Дорога была долгой. Вначале экипаж ехал мимо полей с пшеницей до порта. Потом по дороге сломалось колесо, охрана чинила его, но не слишком усердно, к тому же она постоянно ловила на себе из взгляды... В них были одновременно почтение, похоть и презрение. Она пыталась согреться, но пронизывающий декабрьский ветер, казалось, собирался вывернуть её наизнанку, выморозить и зашить обратно, уже околевшую. Влага пробиралась под одежду, она уже чувствовала, как мокрая ткань начинает прилипать к коже. Дома у неё жила черепаха, и даже у той был дом, нет, даже два дома, свой собственный и отцовский, а у неё уже не было ничего...
В порту они заночевали. Отец дал так мало денег, что она спала в одном доме с прислугой, ей лишь выделили комнату получше, такую же ледяную, как взгляд матери на прощание. Она знала, что мать стала стала такой не потому, что не любит её — тяжёлая рука отца стала чаще прикладываться не к бутылке, а к голове супруги, и та втайне надеялась, что убрав из дома копию участника той давней интрижки, она сможет изгладить из головы супруга морщины ревности. Ну, или в конце концов, тот просто сопьётся, свалится с обрыва и мать останется самой главной в семье, ведь своего сына она так и не выпустила со своих коленей, успокаивая и гладя по головке каждый раз, когда у того случался приступ паники.
На следующий день они вышли на корабле в сторону острова.

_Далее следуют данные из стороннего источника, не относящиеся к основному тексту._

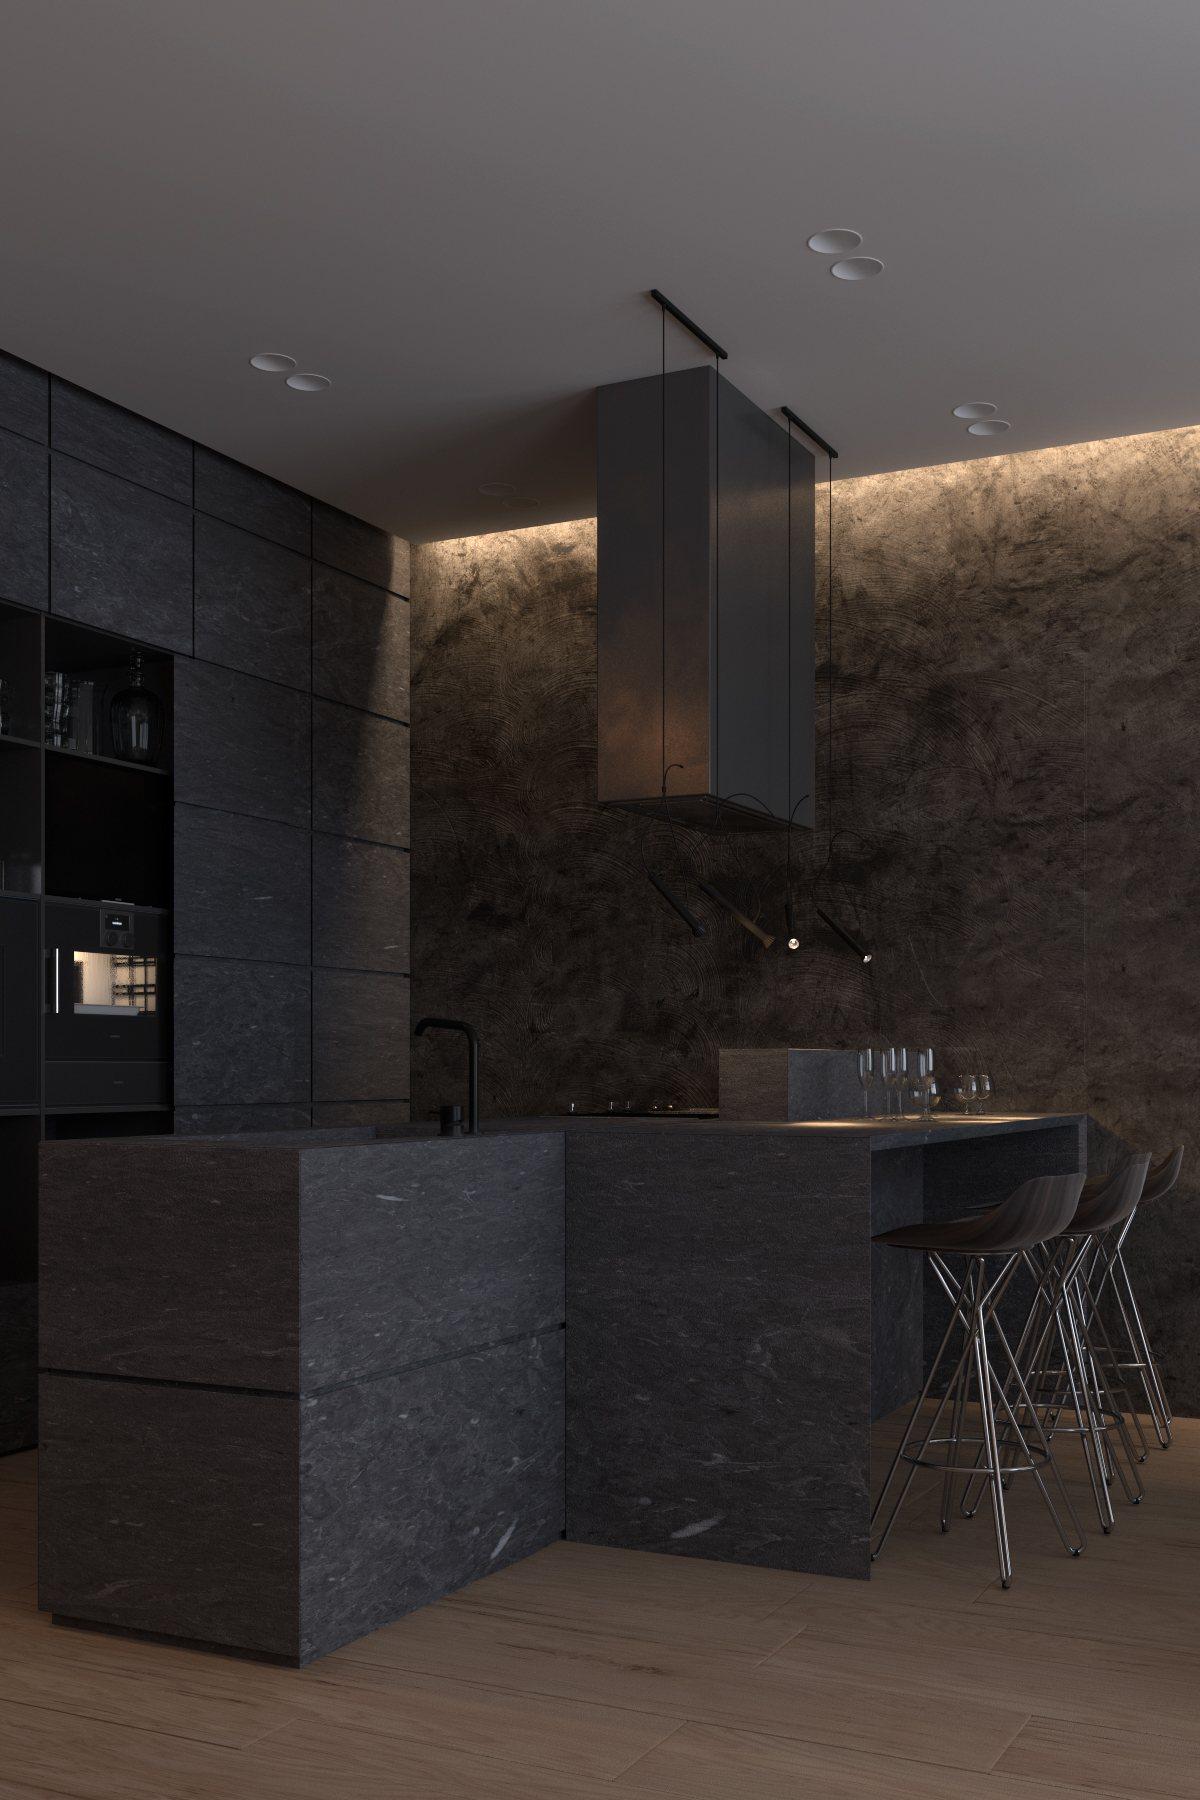 Dark kitchen interior design style

Лазурный цвет воды контрастировал с её настроением. Вода спокойно лежала на своём месте, она же терзалась, ёрзала и не знала, что же ей делать. Может, и правда, сбежать? Но куда? Одна? Нет, надо смириться, ведь не может же быть всё так плохо, что в монастыре для аристократок с ней будут плохо обращаться? Верно?
Остров приближался, а вдалеке виднелся его маленький придаток, на котором высилась мрачная махина замка и монастыря. Это мой будущий дом, подумала она и вздрогнула, холод опять успел пробраться под её одежду, а морской воздух, влажный, солёный, горький, залезал внутрь её, обжигал и делал дыхание невыносимым. Она хотела заорать, но матрос рядом осклабился и спросил — Что, укачало неженку? Гы-гы-гы...
На острове из бухты её быстро доставили к монастырю, но внезапно остановились.
— Как мы поплывём туда, на лодке? — спросила она охрану, но та лишь презрительно отмахнулась.
Лодки действительно были у острова, но никто их брать не собирался. Вообще, никто ничего делать не собирался, все просто сели и стали ждать. Но чего? Прошло несколько часов, прежде чем она заметила, что из воды появилась тонкая полоска земли, она поднималась всё выше и выше, расширялась, росла, темнела... Что это? Чудо, дарованное монахиням, что молятся об этом бренном мире? — Нет, это просто отлив, обнаживший дорогу до острова. Охрана быстро собрала вещи, дёрнула её, и чуть не силой поволокла туда, к темнеющей громадине.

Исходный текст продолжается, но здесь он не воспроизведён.